Abandonar o petróleo e carvão
não vai ser fácil para o país. Em setembro/2021, a China viveu uma crise
energética grave e vários setores da indústria e dos serviços estão tendo de
paralisar as atividades por falta de energia. Com os blecautes provocados pela
escassez do suprimento de carvão, vários governadores de províncias pedem para
o país importar carvão e afrouxar as metas ambientais.
Assim, fica claro que Pequim
ainda ficará dependente da energia movida a carvão enquanto o crescimento
econômico continuar sendo prioridade. Isto quer dizer que a mudança pode vir
muito tarde, pois a crise climática já está mostrando imediatamente os danos no
mundo todo. A China pretende gastar menos com importação de combustíveis
fósseis e lucrar mais com a exportação de tecnologias verdes. Ou seja, as
perspectivas de mudança energética são positivas, mas se o caminho da transição
for longo poderá ter muitos impactos climáticos indesejados.
O gráfico abaixo mostra que a China tinha superávit ecológico no primeiro quinquênio da década de 1960, mas passou a ter déficits crescentes e chegou em 2017 com uma pegada ecológica per capita de 3,7 hectares globais (gha), para uma biocapacidade per capita de 0,92 gha. O déficit ecológico foi de 303%. O desafio é inverter a curva da pegada ecológica o mais rápido possível.

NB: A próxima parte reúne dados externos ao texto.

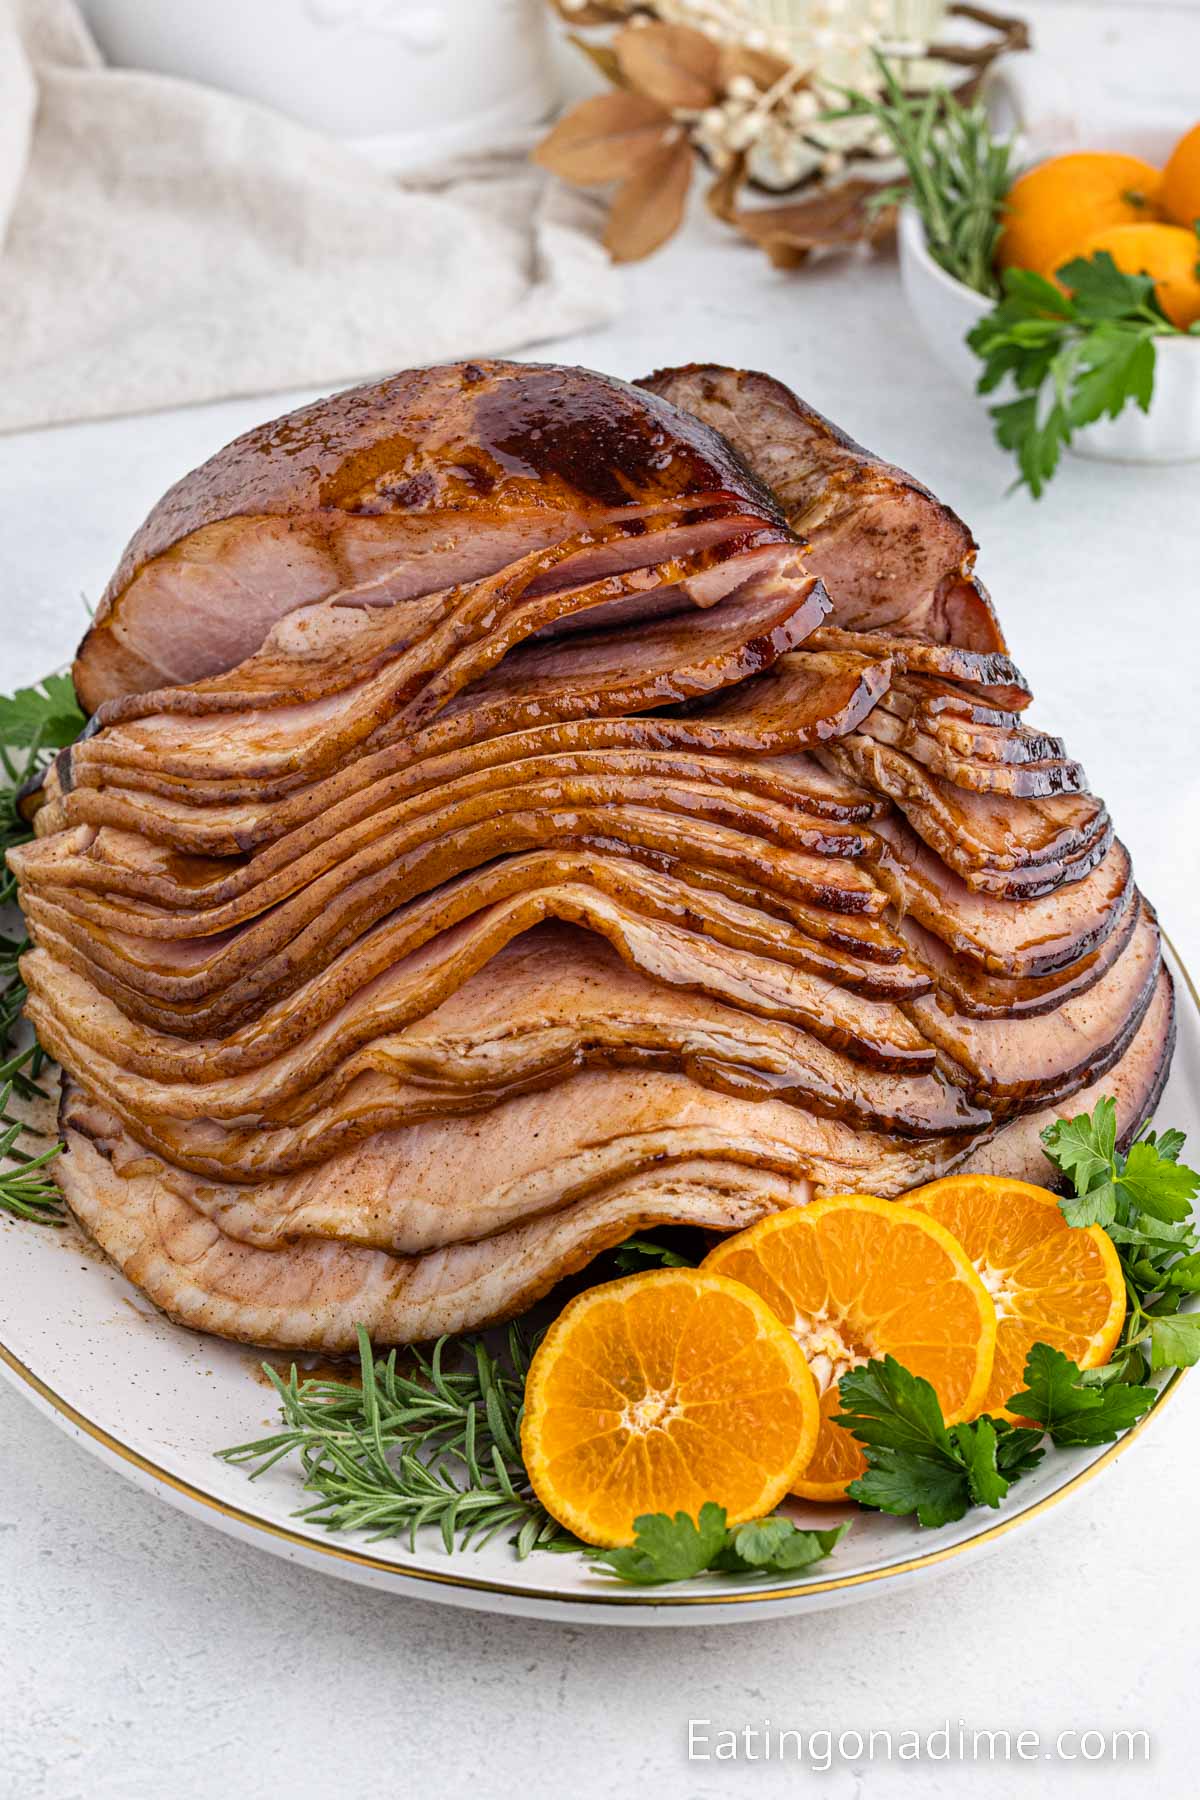 How to Cook a Spiral Ham  Sunny's Easy Holiday Spiral Ham Recipe

Indubitavelmente, a China já vive muito acima dos seus meios e de seus recursos naturais, contribuindo para o desequilíbrio ambiental do Planeta. O desafio da sustentabilidade requer respostas complexas e soluções múltiplas. Sem dúvida, uma tarefa inadiável é promover o avanço tecnológico, a mudança da matriz energética, revolucionar a produção de alimentos e esforçar para o desacoplamento entre produção e recursos naturais. Mas isto só não basta. É preciso também reduzir a pegada ecológica e o número de “pés”, isto é, diminuir o consumo conspícuo e o número de consumidores. Neste ponto, a China será o primeiro dos 10 países mais populosos a iniciar o decrescimento demográfico (a população chinesa vai começar a diminuir no máximo até 2025 e deve haver uma redução de cerca de 400 milhões de habitantes até 2100).
A maior parte da pegada
ecológica é emissão de CO2. Se a China zerar as emissões líquidas e
reduzir o tamanho da população poderá diminuir o seu déficit ambiental. Mas
precisará também mudar o paradigma do crescimento econômico desregrado e se
preocupar menos com o tamanho do PIB (inclusive reduzindo gastos militares) e
mais com a qualidade de vida humana e ambiental. Adicionalmente, a China pretende
liderar o mundo na nova matriz energética que inclui a produção de equipamentos
e grandes montantes de energia renovável, mas também veículos elétricos e a eletrificação
dos meios de transporte.
As energias renováveis estão aumentando em todo o mundo, mas não suficientemente para evitar a expansão dos combustíveis fósseis. O gráfico abaixo, da REN21 (junho 2021) mostra que mesmo com toda a expansão das energias renováveis (que passaram de 8,7% para 11,2% no consumo final de energia global) os combustíveis fósseis continuam crescendo em termos absolutos (embora tenham mantido praticamente o mesmo percentual).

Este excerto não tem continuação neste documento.